TASK ITEM. Print every line below exactly. Skip the pictures.

INFORMATION SUPPLIED.
========

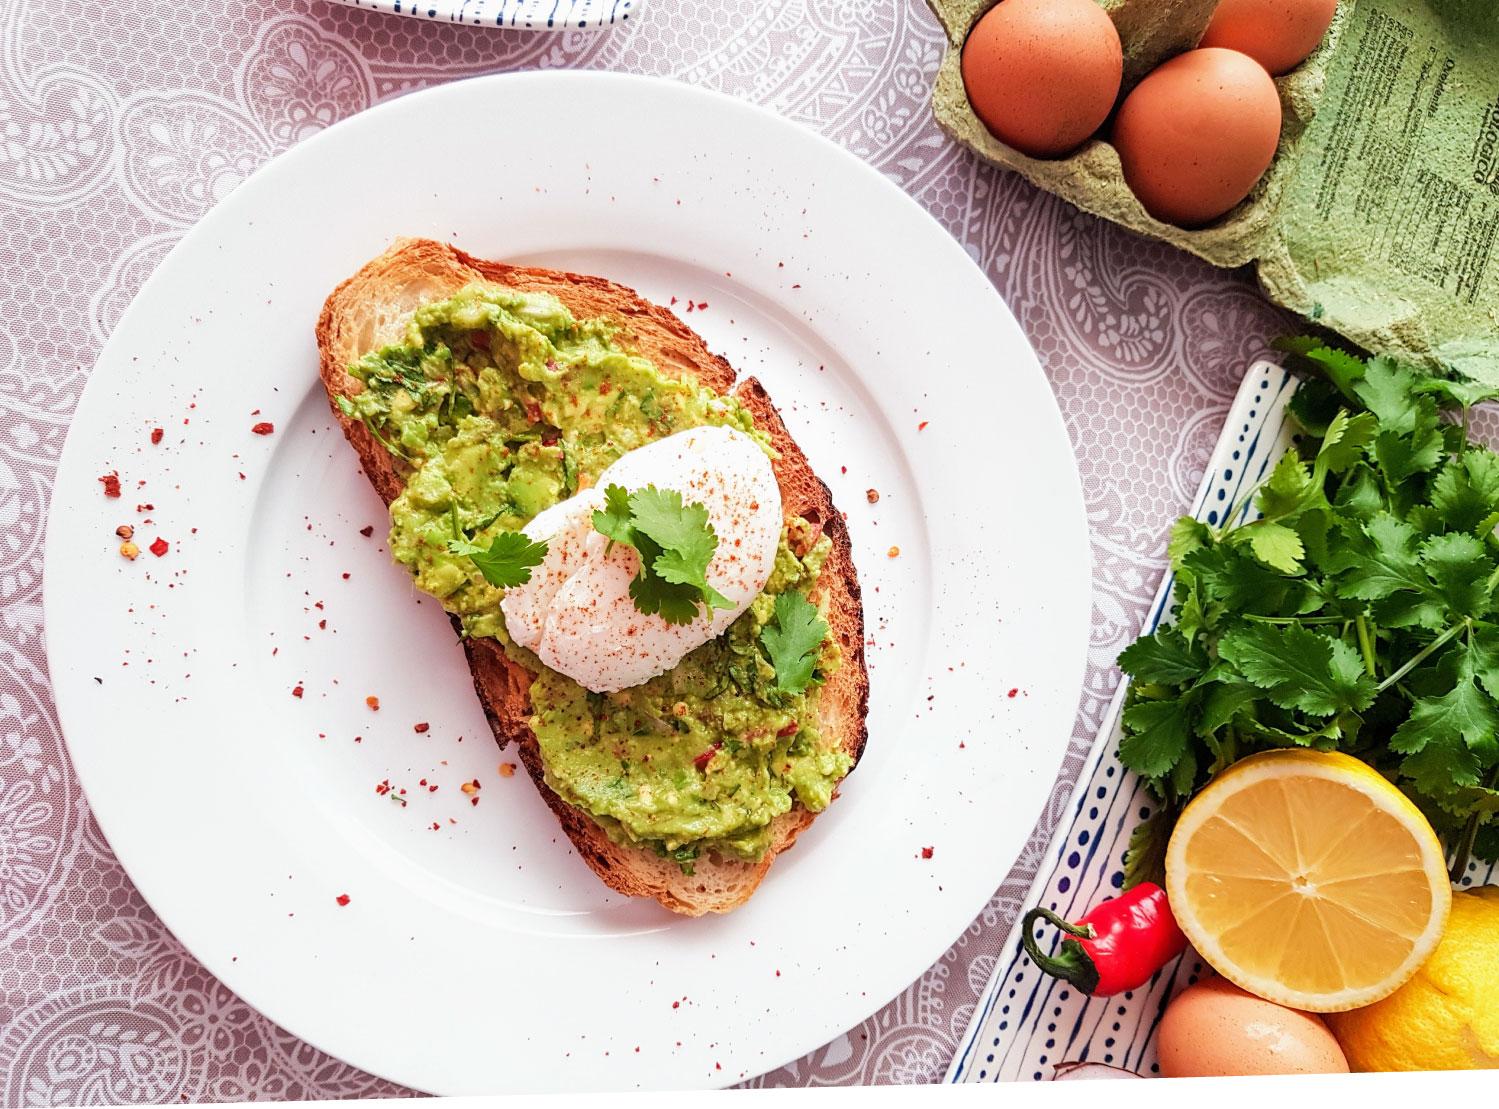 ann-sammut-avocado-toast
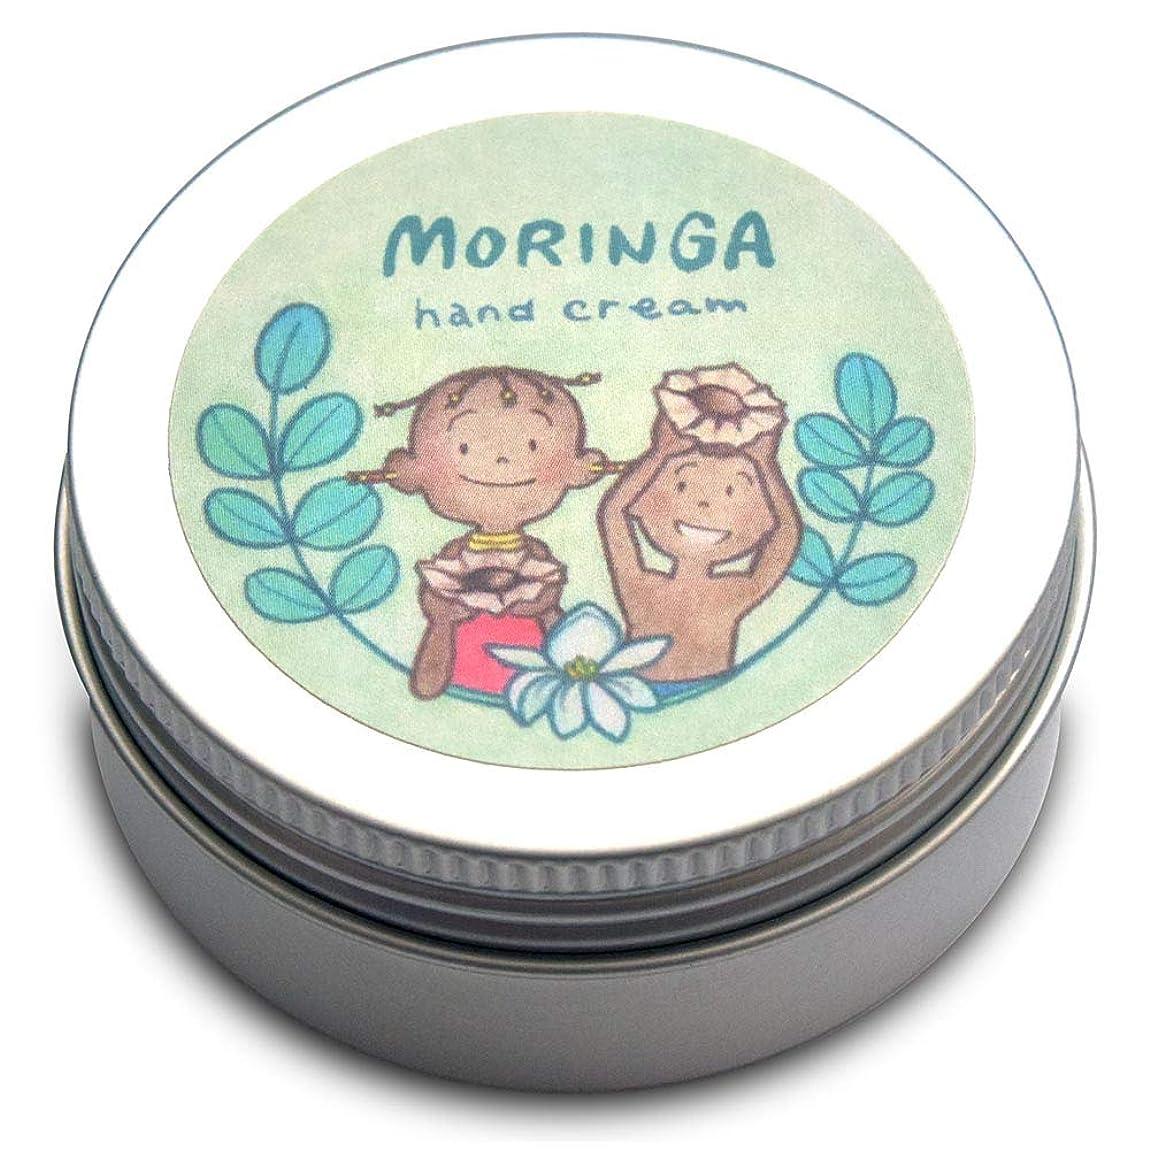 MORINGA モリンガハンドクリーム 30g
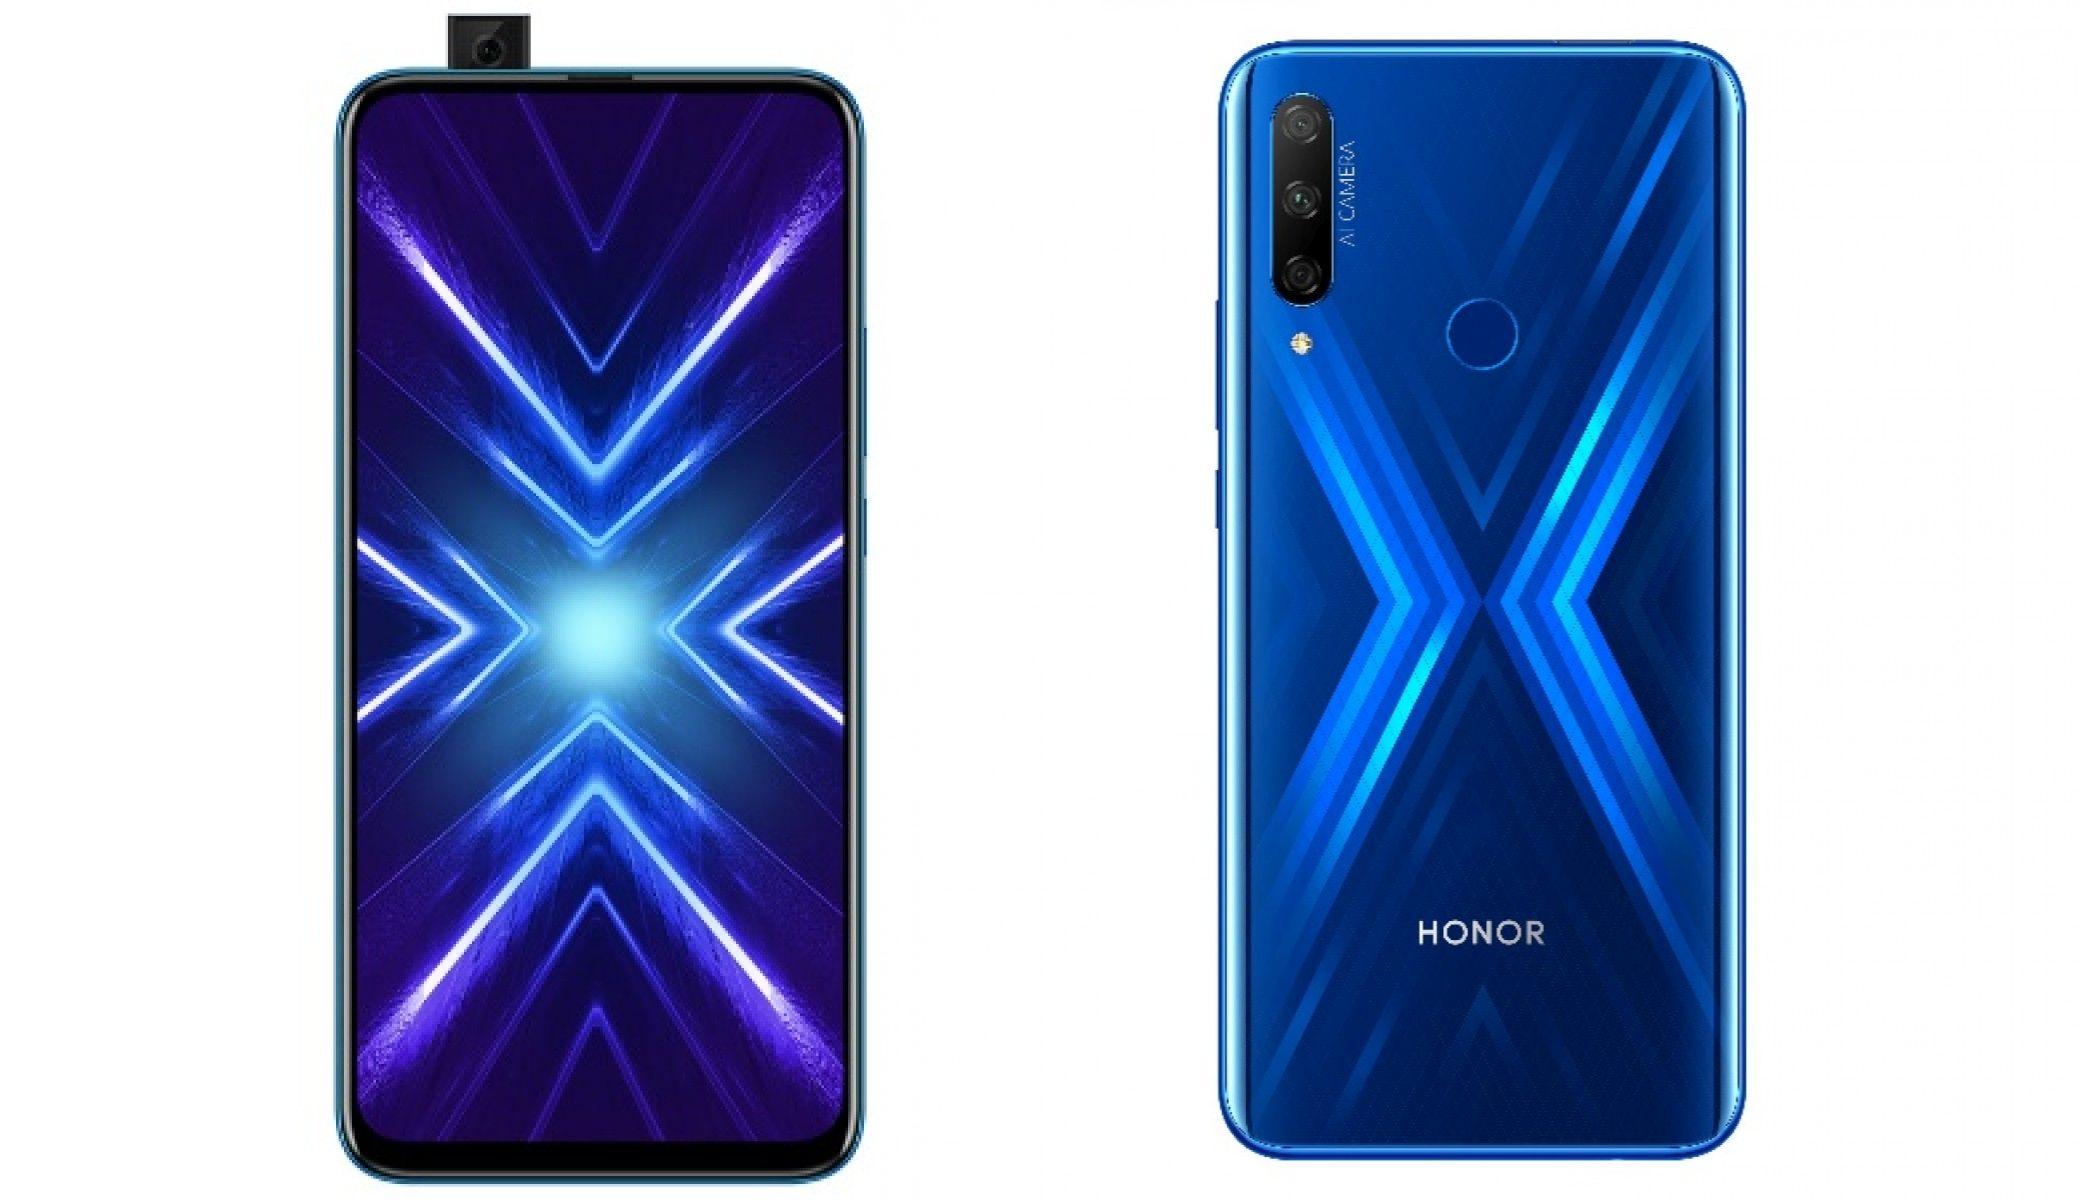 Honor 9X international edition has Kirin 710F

========

SOLVED PROBLEM.
 ann-sammut-avocado-toast
 MORINGA モリンガハンドクリーム 30g
 Honor 9X international edition has Kirin 710F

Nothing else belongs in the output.